2.33    “Performance Plan Unit” means a Performance Award denominated in Units.
2.34    “Potential Change in Control Period” is deemed to commence at the time of the earliest of the following events to occur: (a) the Company enters into an agreement, the consummation of which would result in the occurrence of a Change in Control or otherwise result in an acceleration of the vesting of the Awards (except by virtue of the Participant’s death or Disability); (b) the Company or any person or group publicly announces an intention to take or to consider taking actions that, if consummated, would constitute a Change in Control or 
otherwise result in an acceleration of the vesting of the Awards (except by virtue of the Participant’s death or Disability); (c) any person or group (other than the Company, any subsidiary of the Company, or any savings, pension or other benefit plan for the benefit of employees of the Company or its subsidiaries) becomes the beneficial owner, directly or indirectly, of securities of the Company representing 15 percent or more of either the then outstanding Shares or the combined voting power of the Company’s then outstanding securities (not including in the securities beneficially owned by such person or group any securities acquired directly from the Company or its Affiliates); or (d) the Board adopts a resolution to the effect that, for purposes of the Plan, a Potential Change in Control Period has commenced. The Potential Change in Control Period is deemed to continue until the adoption by the Board of a resolution stating that, for purposes of the Plan, the Potential Change in Control Period has expired.

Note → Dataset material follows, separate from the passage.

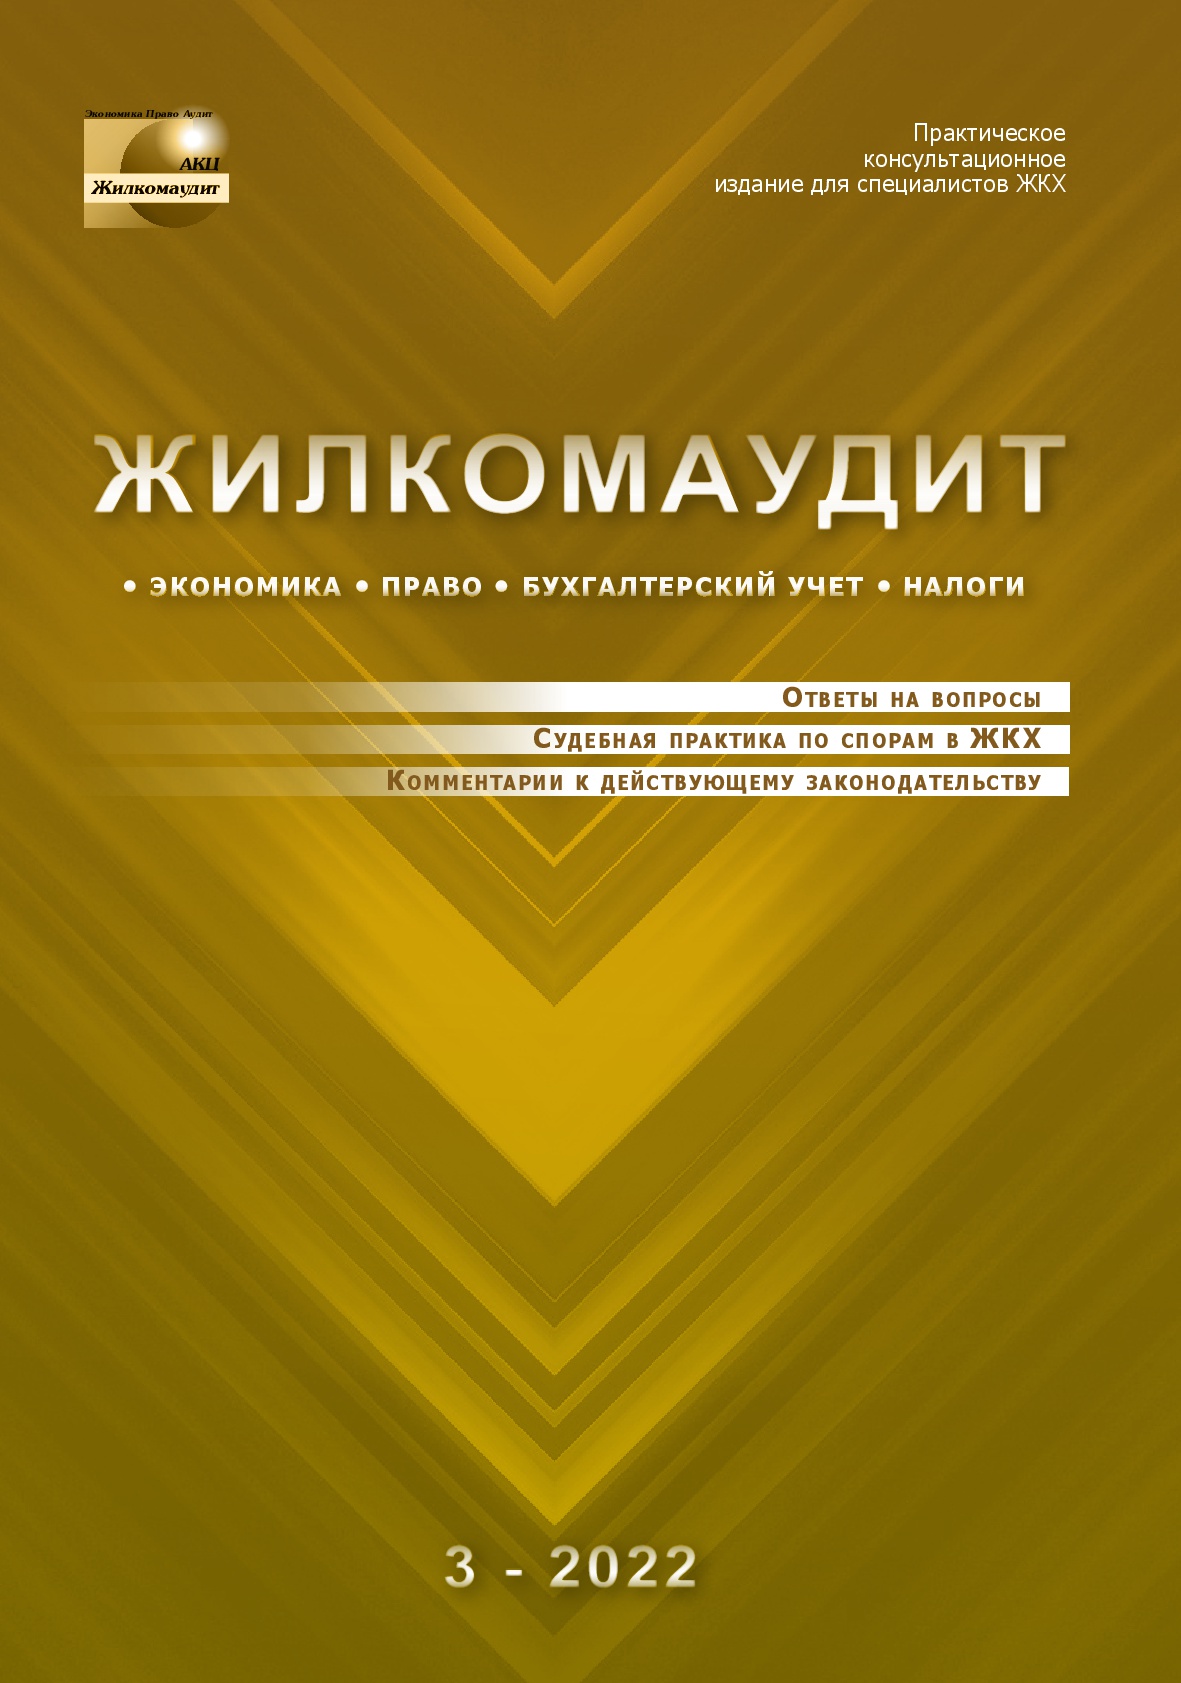 Журнал "Жилкомаудит"№3-2022

2.35    “Reporting Person” means an Employee who is subject to the reporting requirements of Section 16(a) the Exchange Act.
2.36    “Restricted Stock” means Shares issued pursuant to Section 4.5 that are subject to any restrictions that the Committee, in its discretion, may impose.
2.37    “Restricted Stock Unit” means a Unit granted under Section 4.5 to acquire Shares or an equivalent amount in cash, which Unit is subject to any restrictions that the Committee, in its discretion, may impose.
2.38    “Separation” means the consummation of the transactions contemplated by the Separation and Distribution Agreement, dated as of October 30, 2025, by and between Honeywell and the Company.
2.39    “Share” means a share of Common Stock.
2.40    “Stock Appreciation Right” means a right granted under Section 4.3 to an amount in cash or Shares equal to any increase in the Fair Market Value of the Shares between the date on which the Stock Appreciation Right is granted and the date on which the right is exercised.
2.41    “Stock Option” means a right granted under Section 4.3 to purchase from the Company a stated number of Shares at a specified price that is equal to or greater than the Fair Market Value of a Share on the date of grant, subject to adjustment as provided in Section 5.4. Stock Options awarded under the Plan may be in the form of Incentive Stock Options or Nonqualified Stock Options.
2.42    “Target Amount” means the amount of Performance Plan Units or the amount of cash in respect of a Cash-Based Award that shall be paid if the Performance Measure is met at the 100% level, as determined by the Committee.
2.43    “Target Vesting Percentage” means the percentage of Performance Awards that shall vest or become exercisable if the Performance Measure is met at the 100% level, as determined by the Committee.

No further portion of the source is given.